WORK TO BE COMPLETED:
For the entries below, copy exactly the line that contains "Tai nghe Marshall" through the line that contains "Ganni Pleated Mini", both ends included, and exclude all pictures.

SUPPLIED MATERIAL:
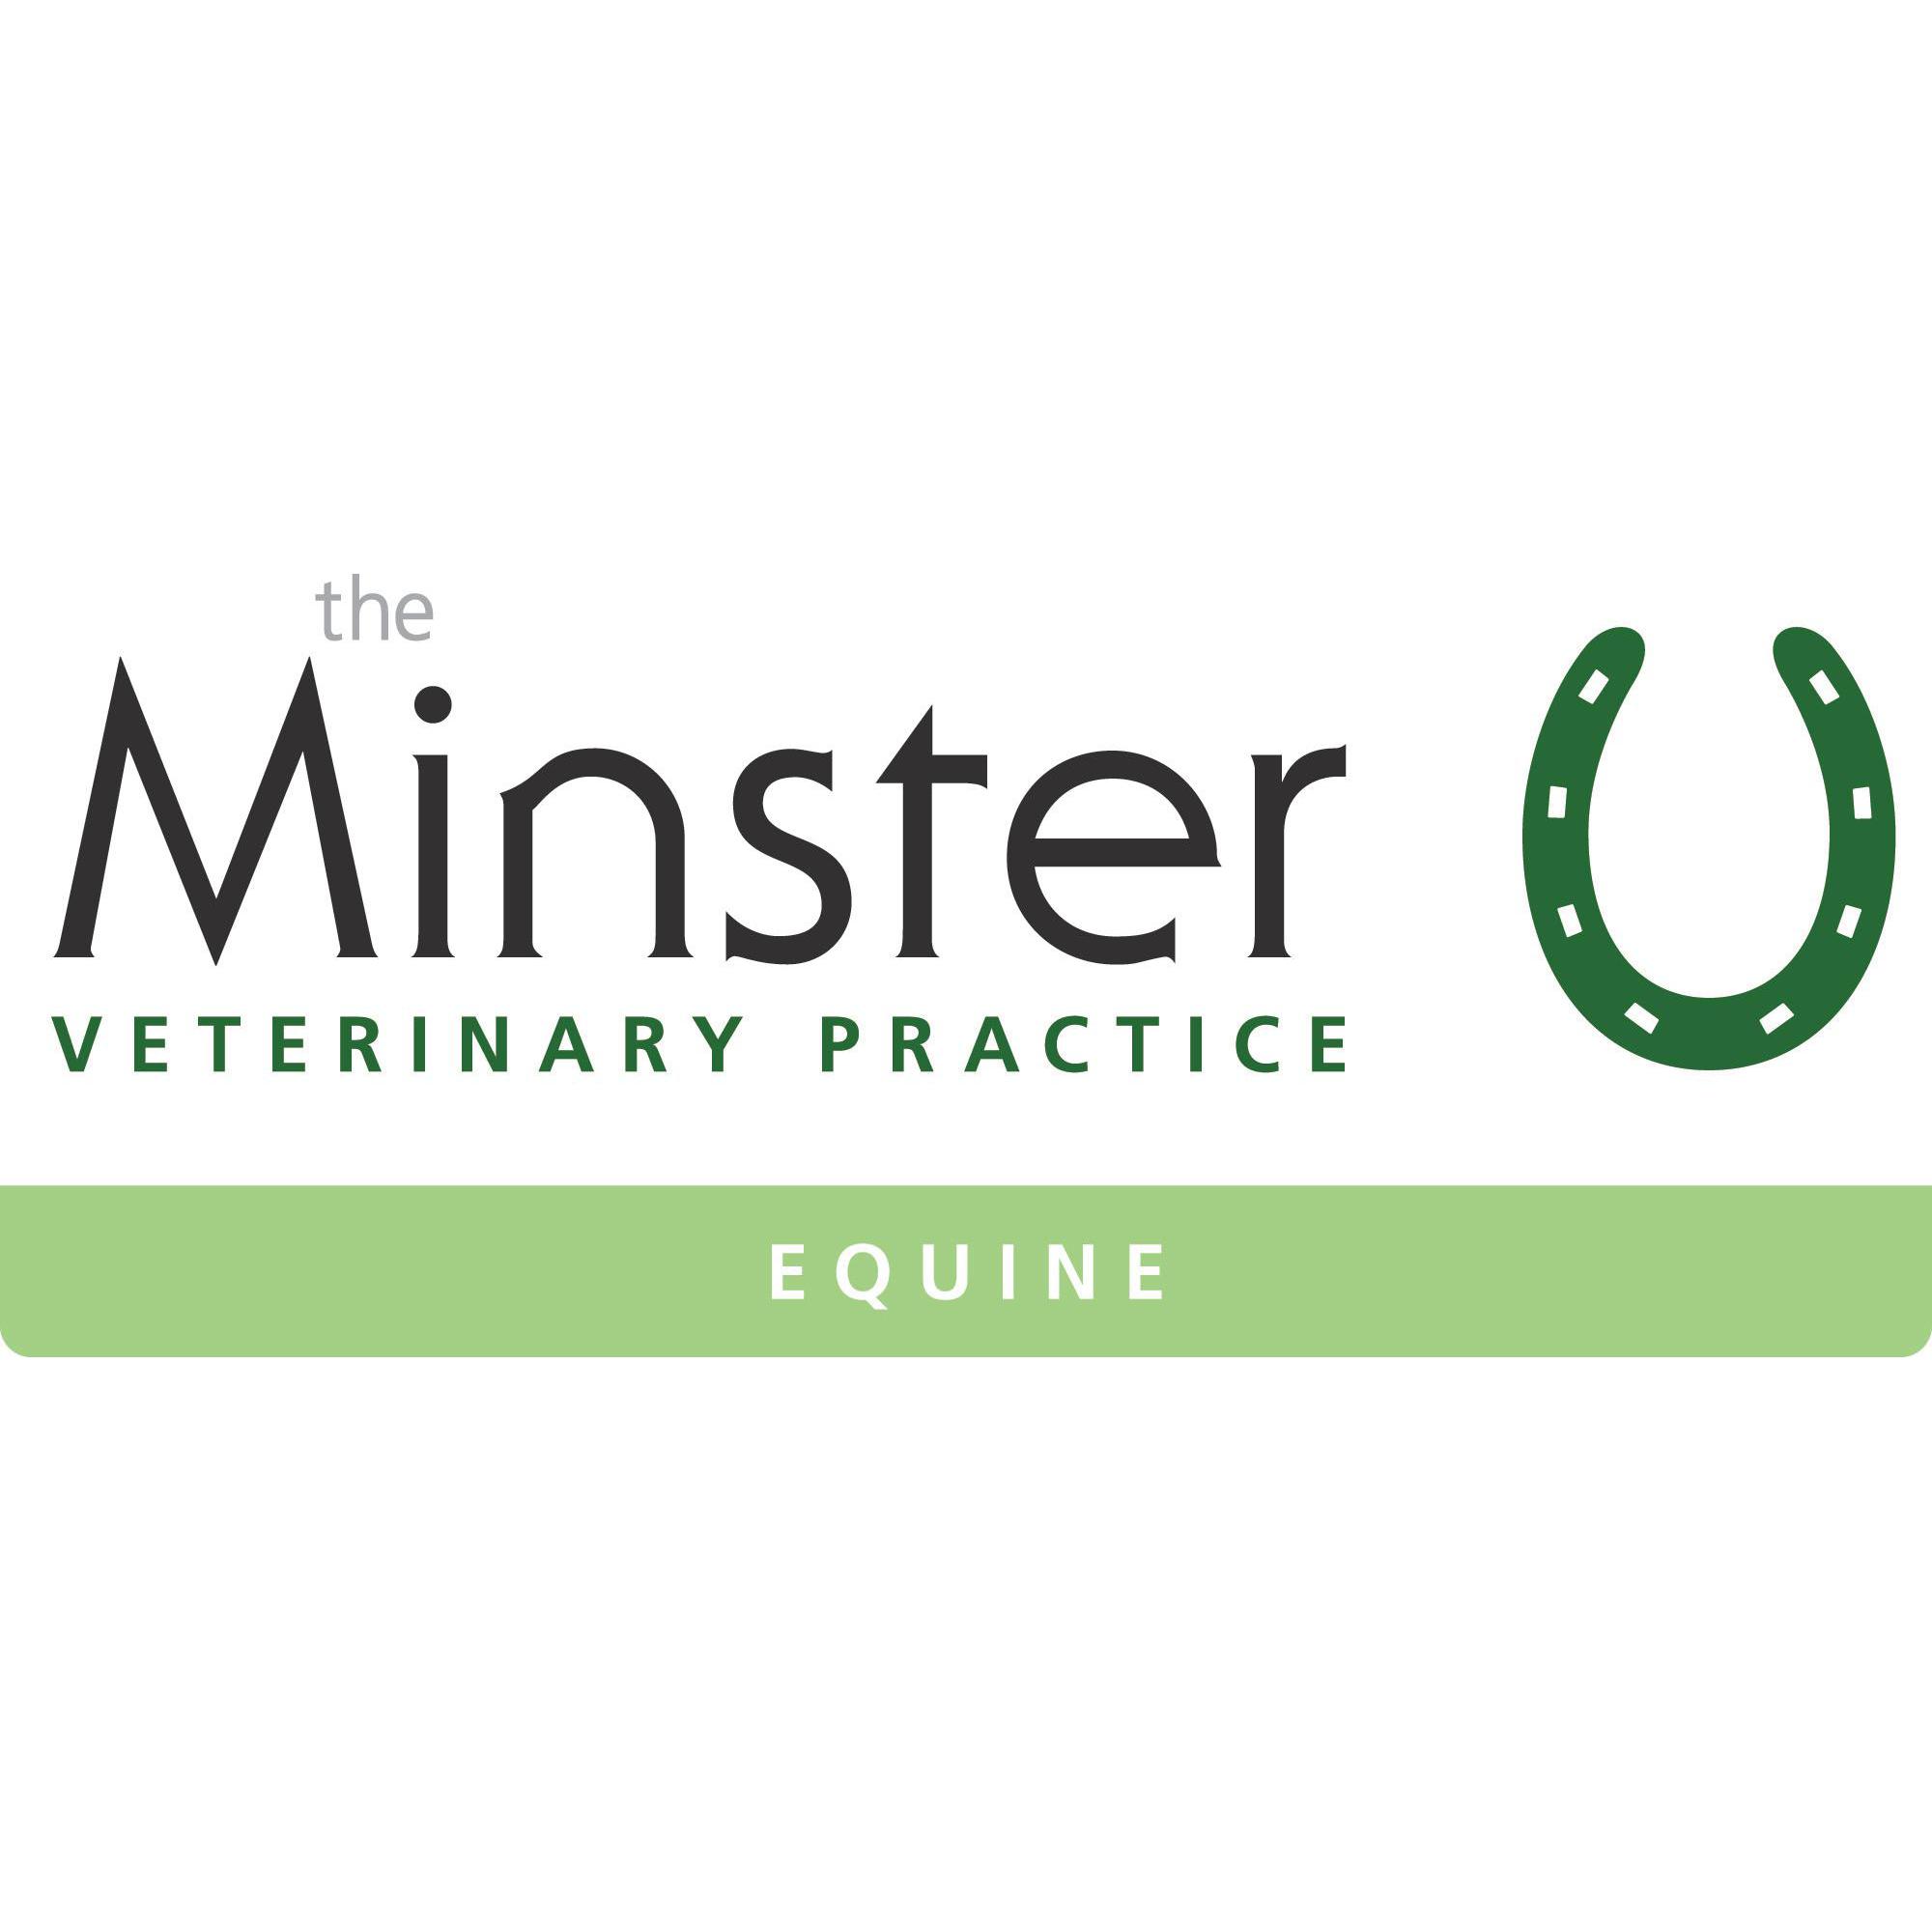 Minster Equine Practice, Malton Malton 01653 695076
* * *
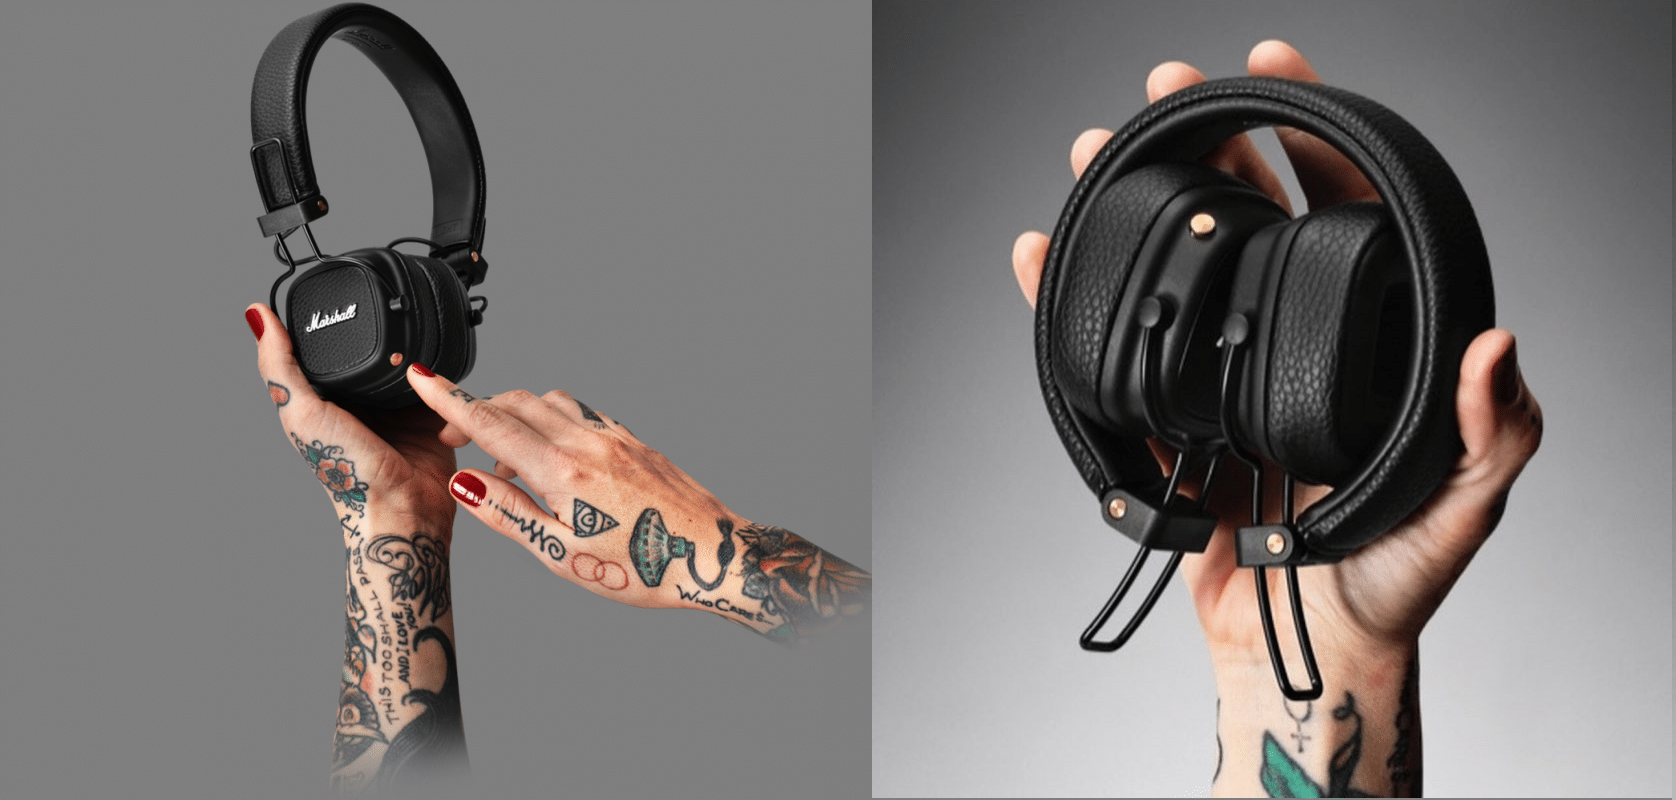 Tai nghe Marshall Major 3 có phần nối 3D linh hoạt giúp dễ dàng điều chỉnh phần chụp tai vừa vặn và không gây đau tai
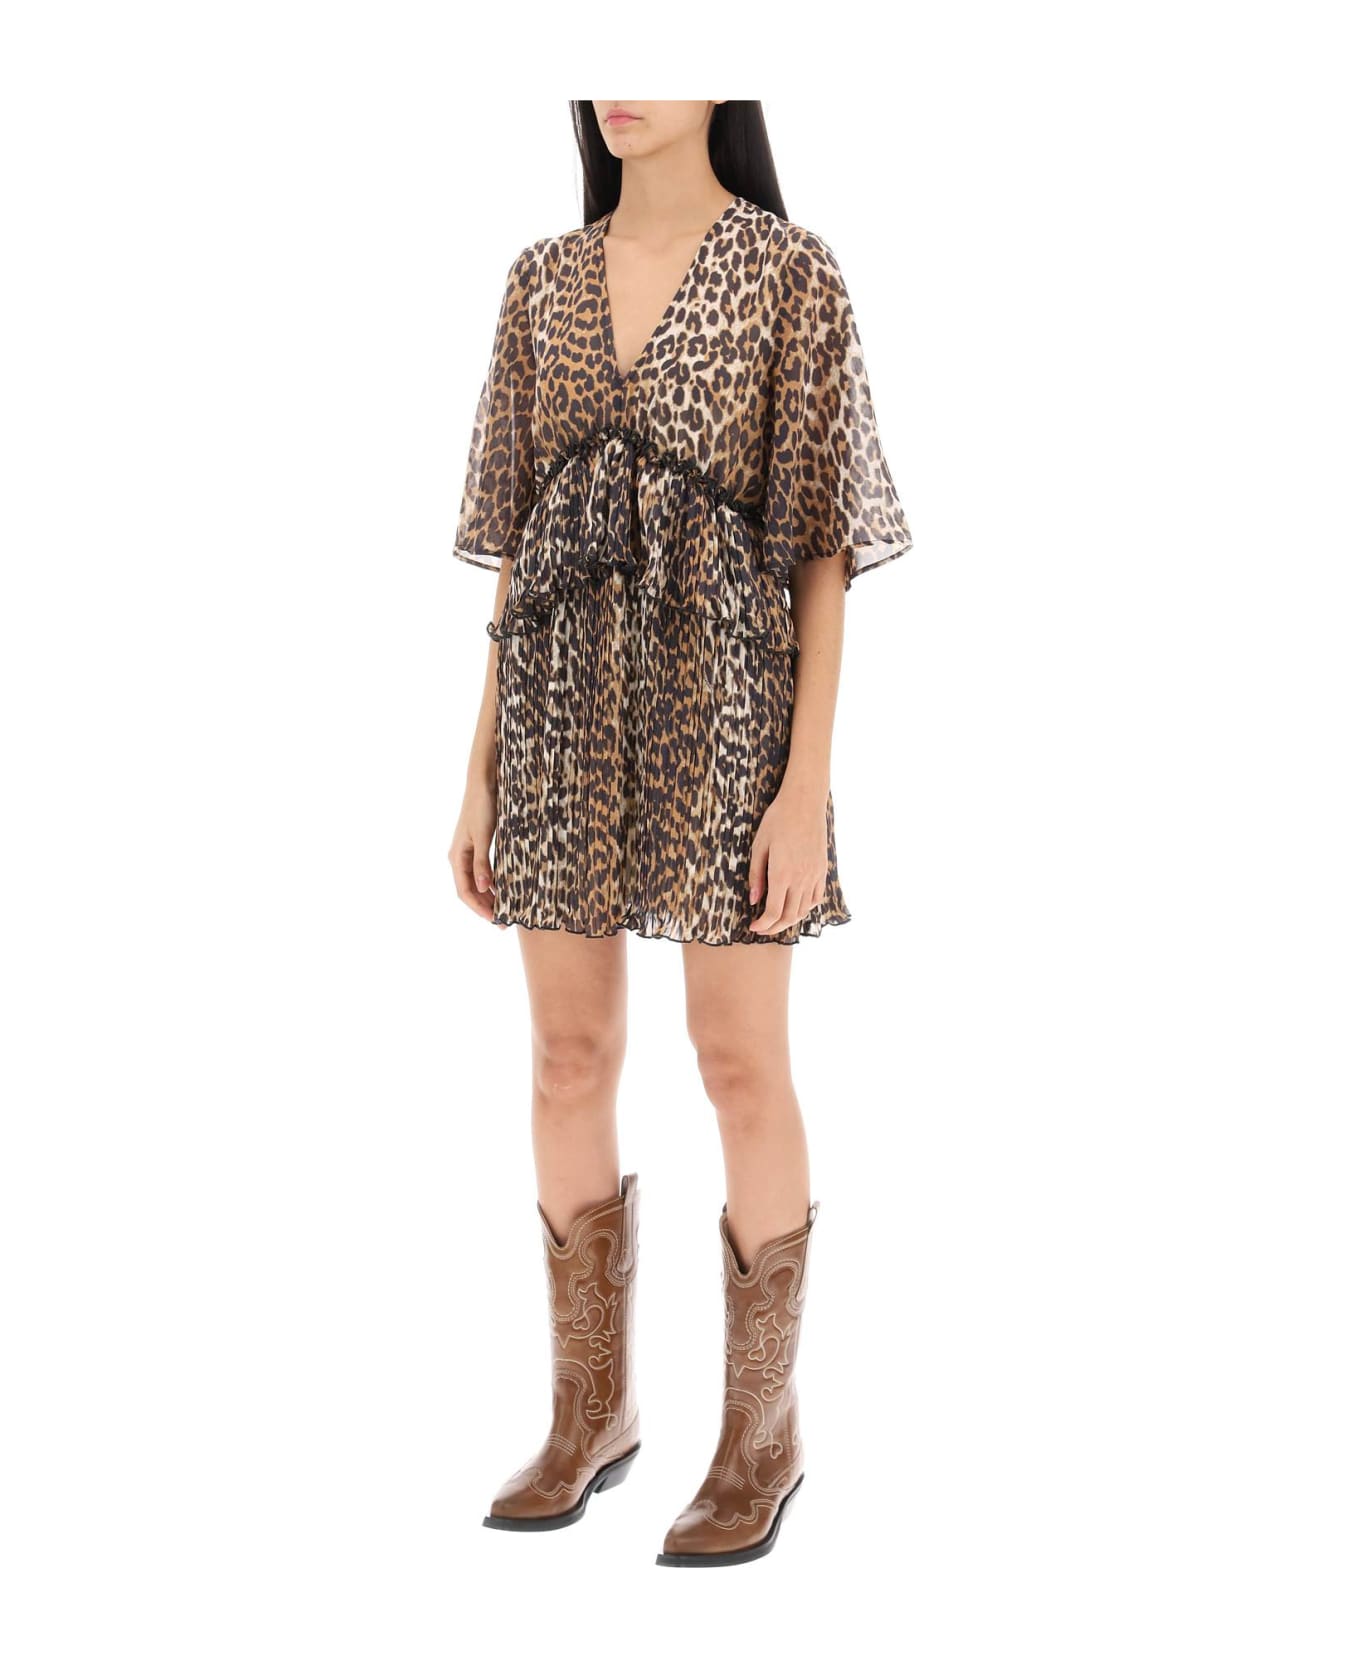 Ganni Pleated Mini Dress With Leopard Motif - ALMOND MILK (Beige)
==
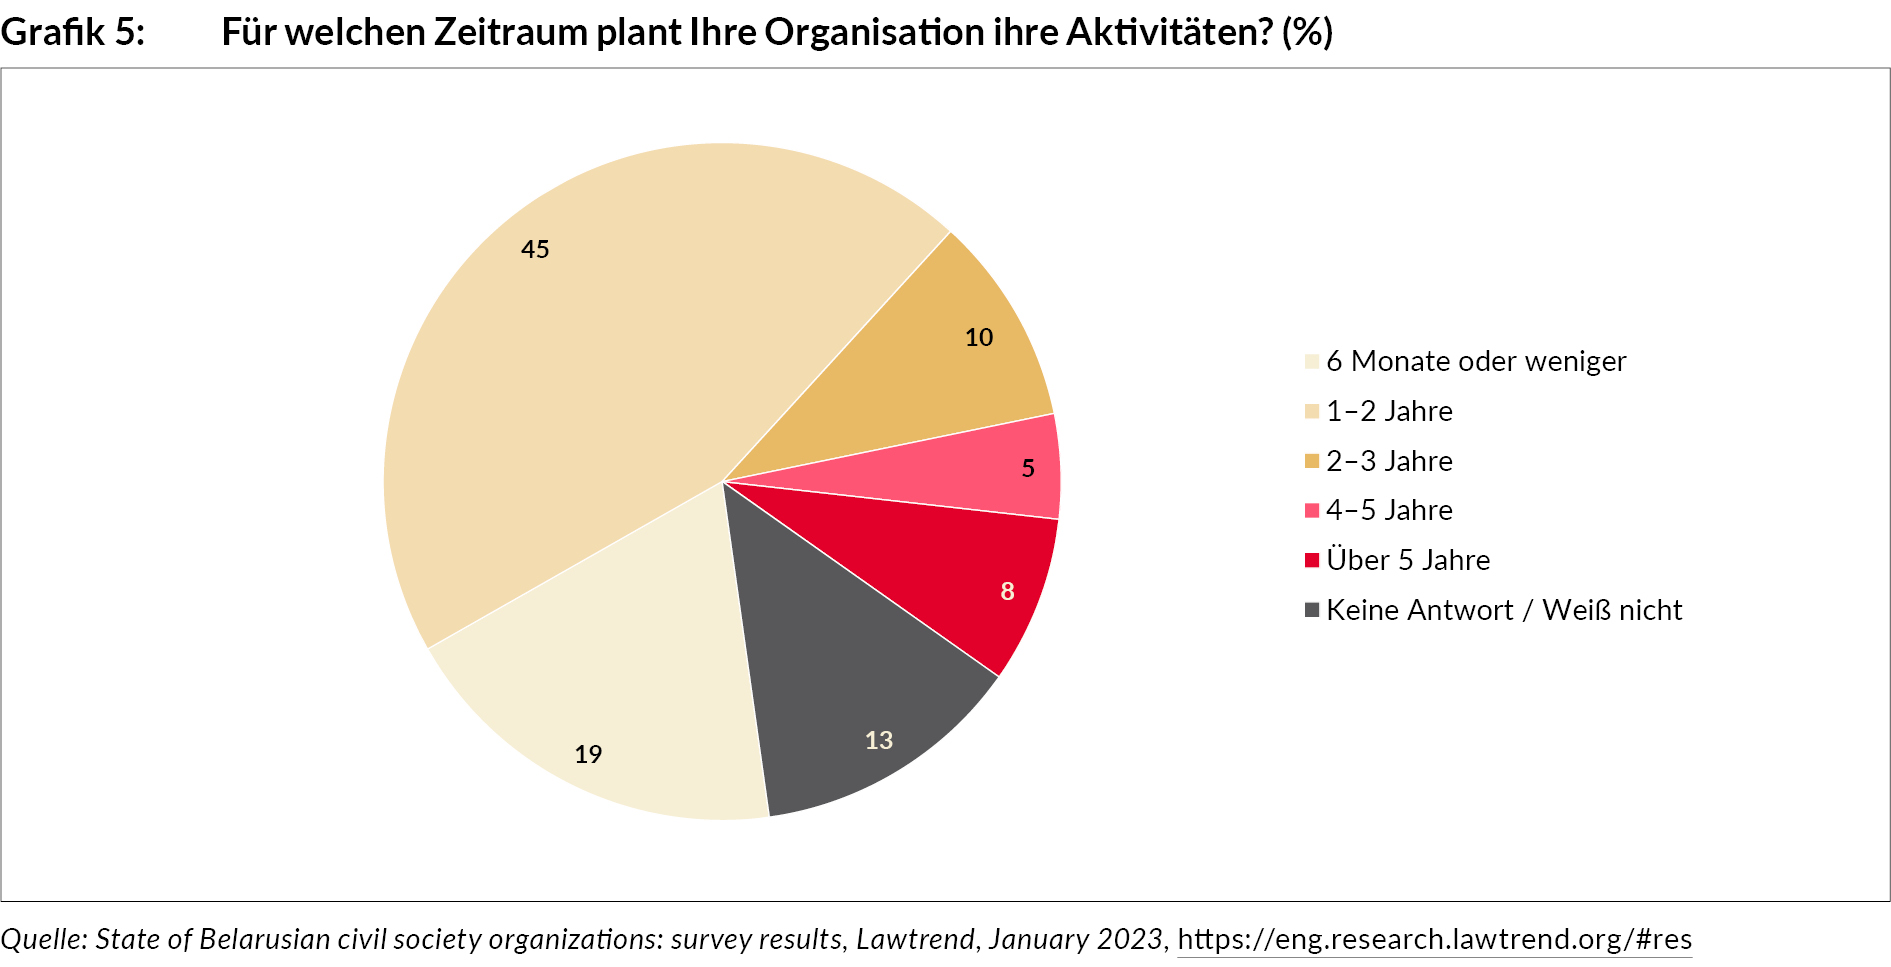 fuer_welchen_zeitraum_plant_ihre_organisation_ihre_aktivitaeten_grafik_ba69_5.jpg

SOLUTION FOR THIS TASK:
 Tai nghe Marshall Major 3 có phần nối 3D linh hoạt giúp dễ dàng điều chỉnh phần chụp tai vừa vặn và không gây đau tai
 Ganni Pleated Mini Dress With Leopard Motif - ALMOND MILK (Beige)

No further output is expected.